How to complete this task — Using the data that follows, give again word for word the lines between the one holding "hogan maxi platform sneakers" and the one holding "The Bridge - Stoner P - YouTube", inclusive. Omit the pictures.

Stored data —

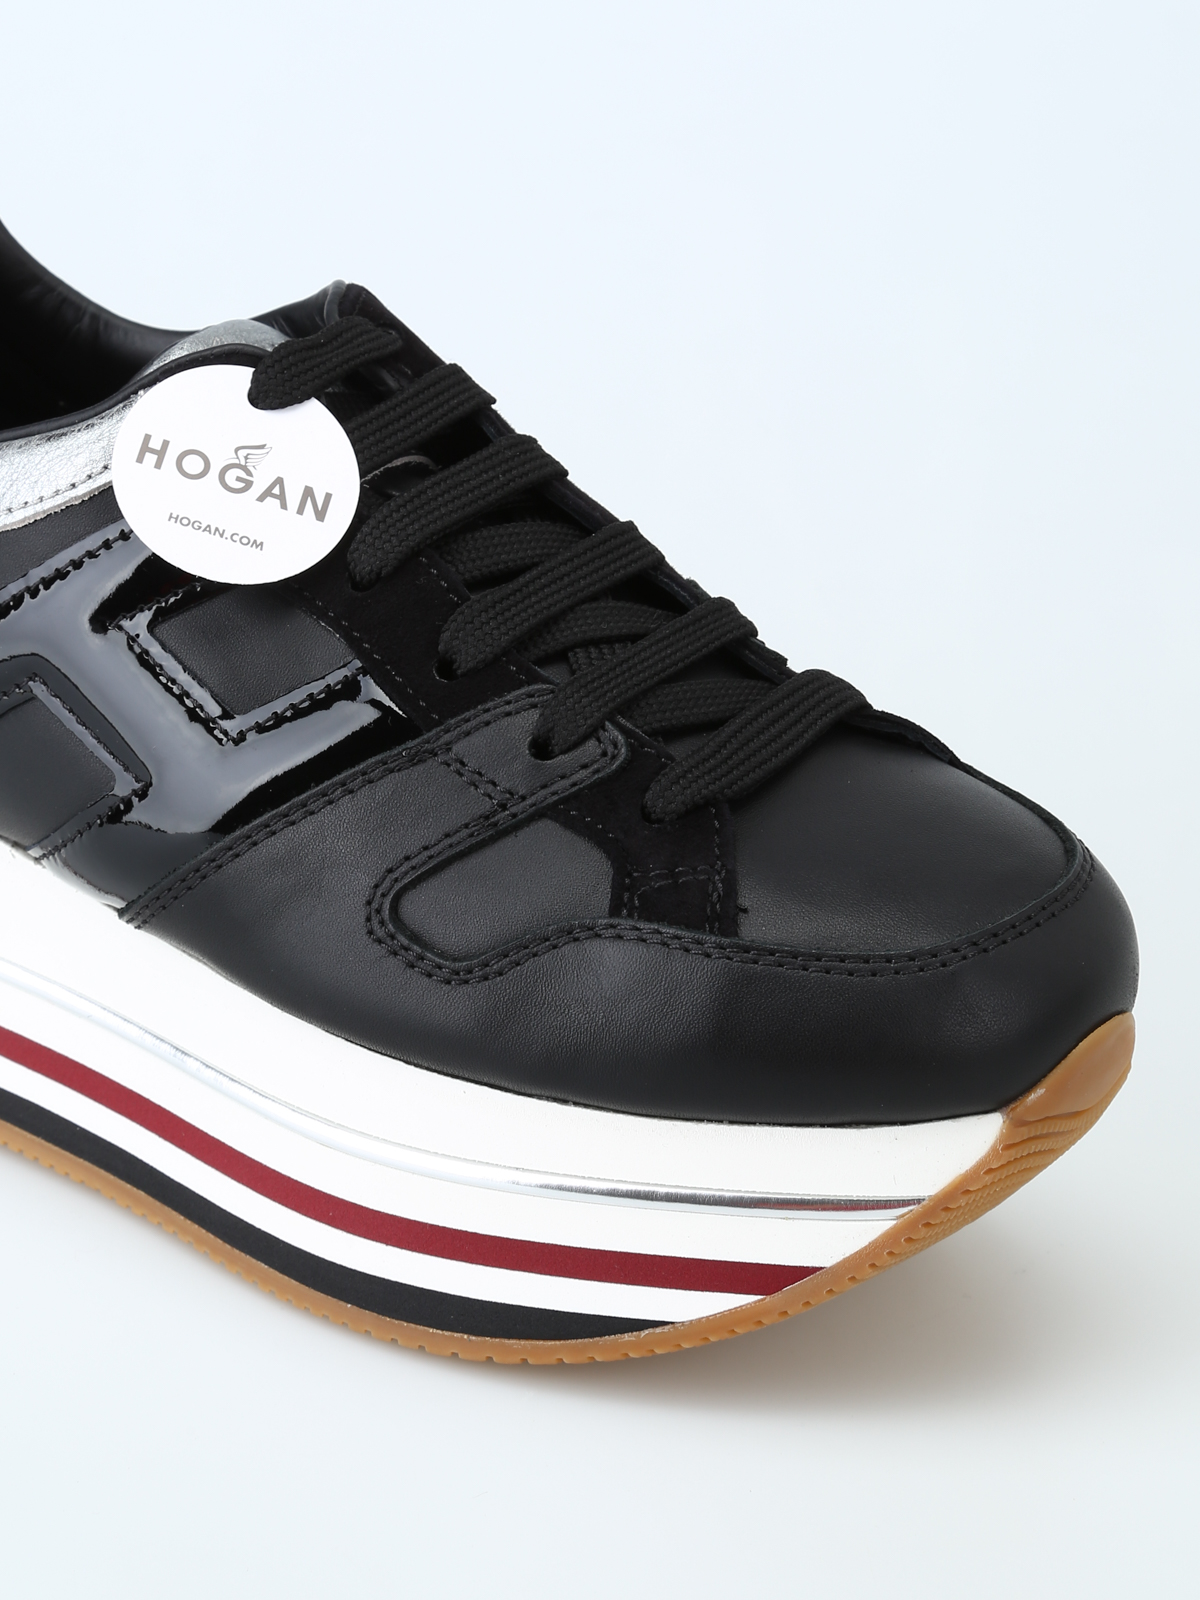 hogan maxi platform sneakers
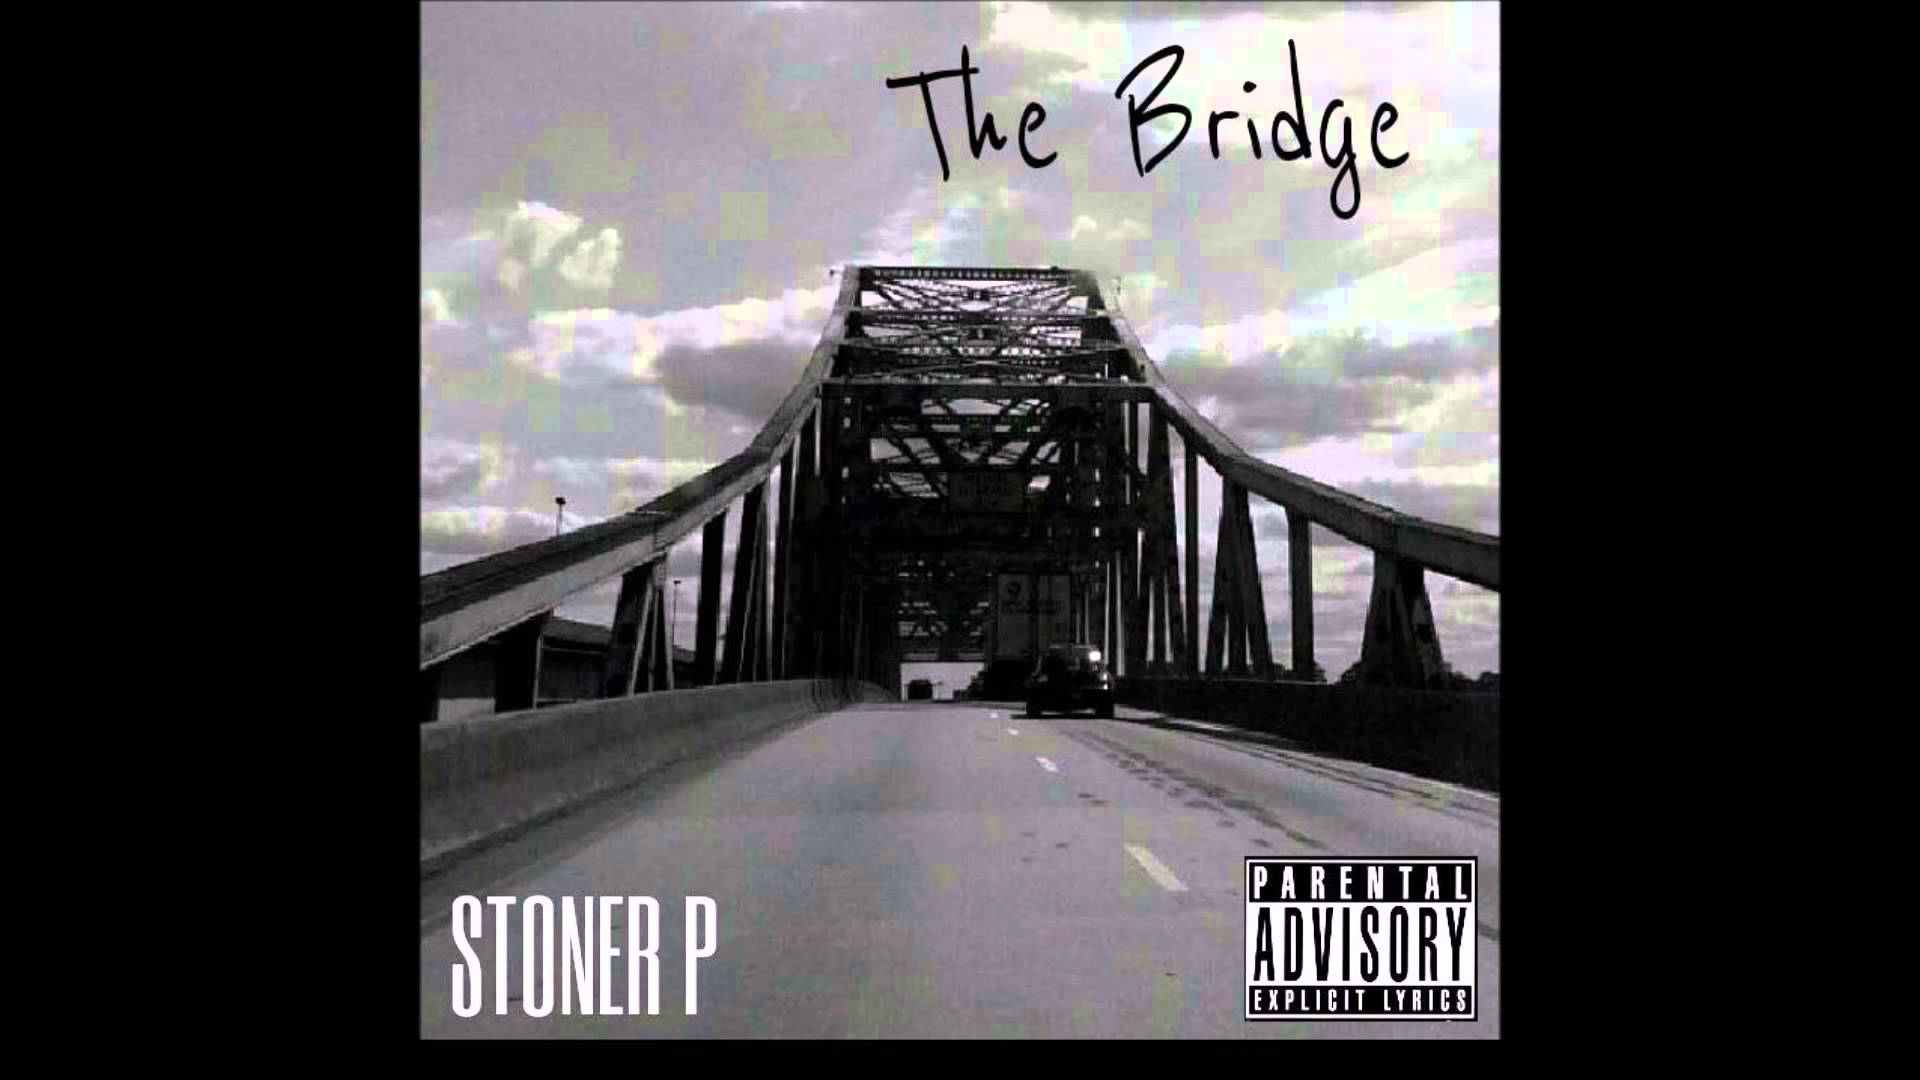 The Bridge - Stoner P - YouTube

...

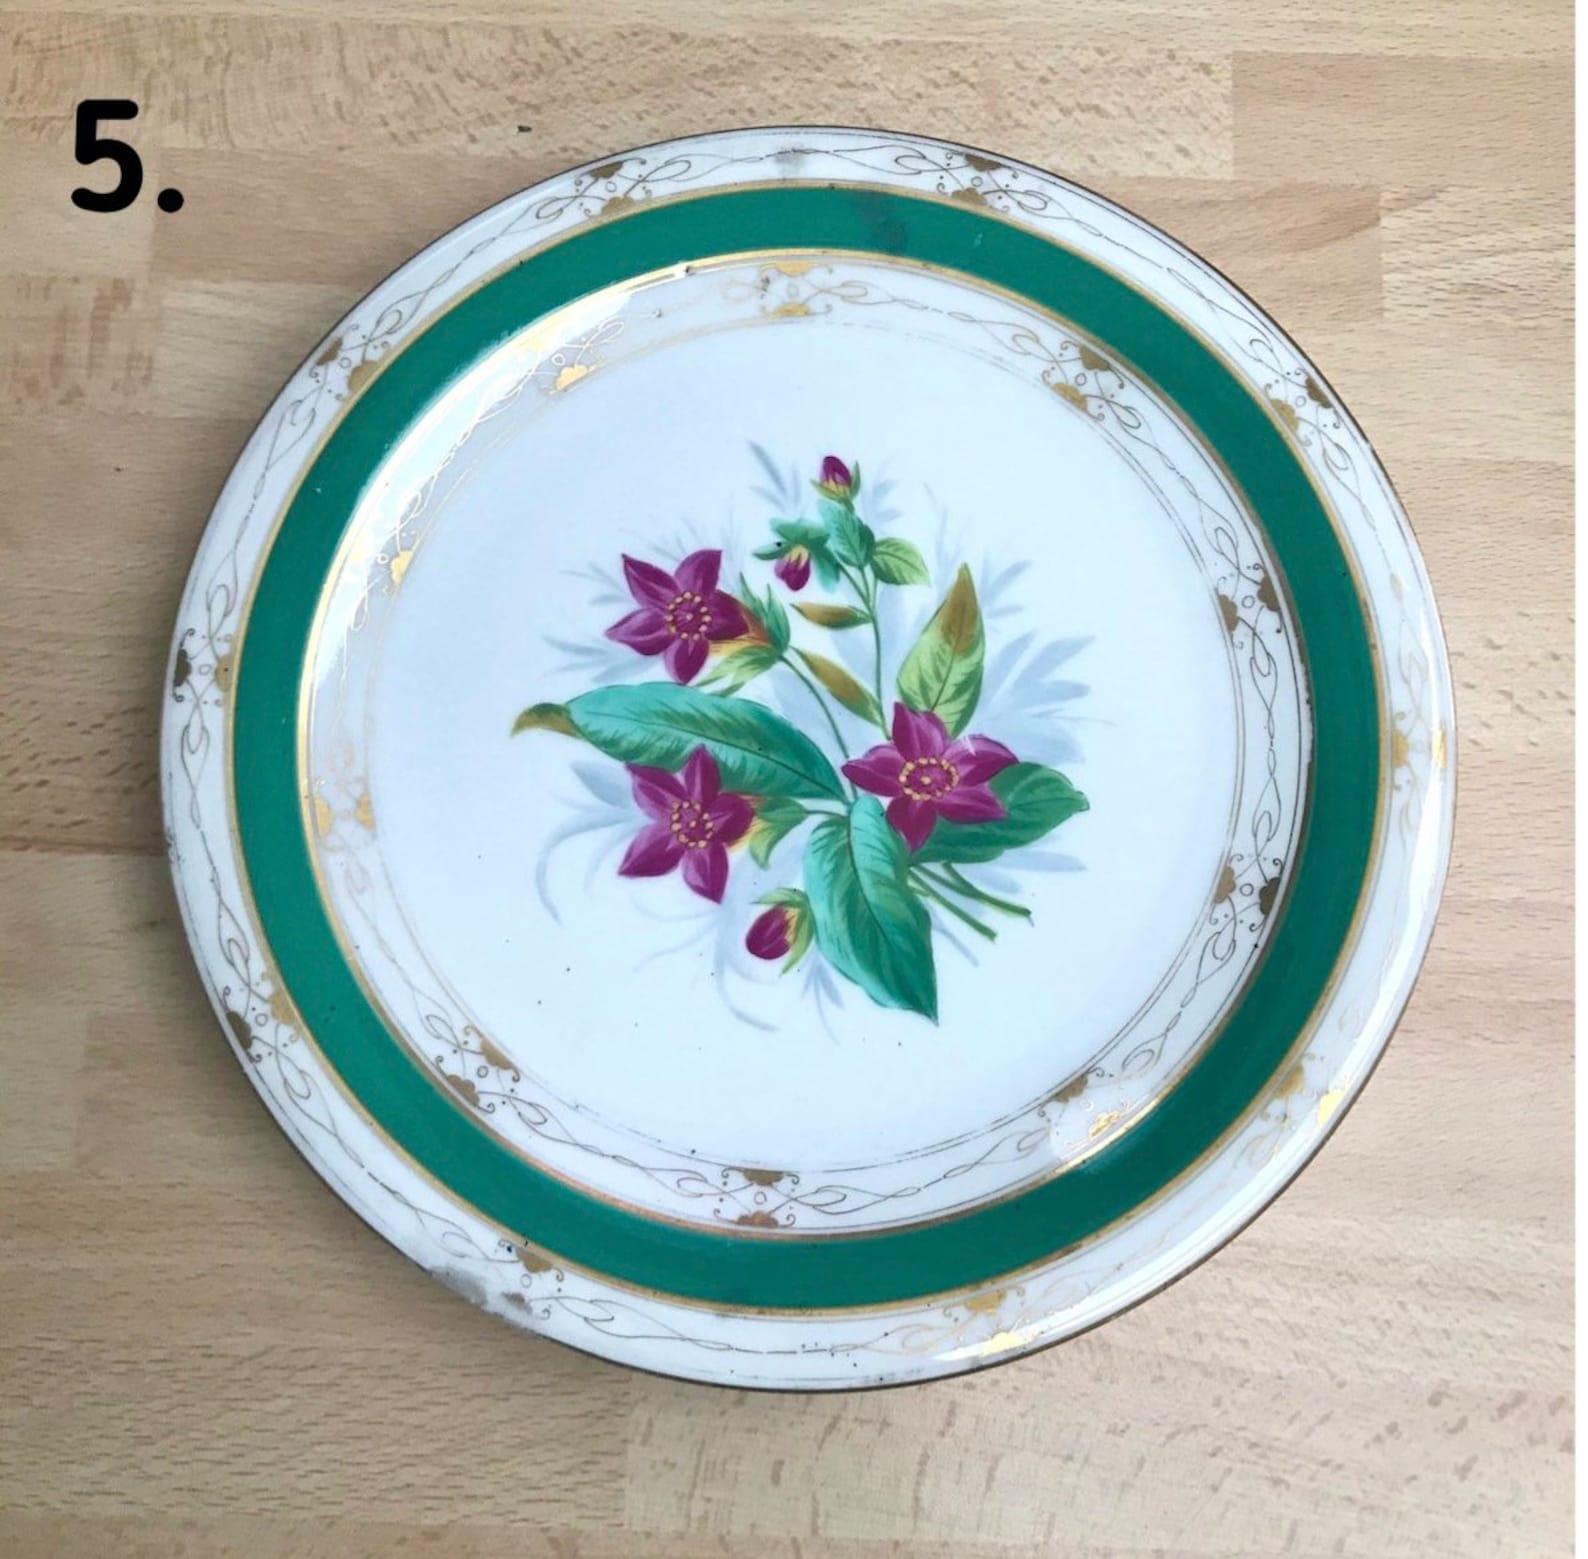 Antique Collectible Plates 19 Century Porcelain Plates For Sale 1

Written solution —
 hogan maxi platform sneakers
 The Bridge - Stoner P - YouTube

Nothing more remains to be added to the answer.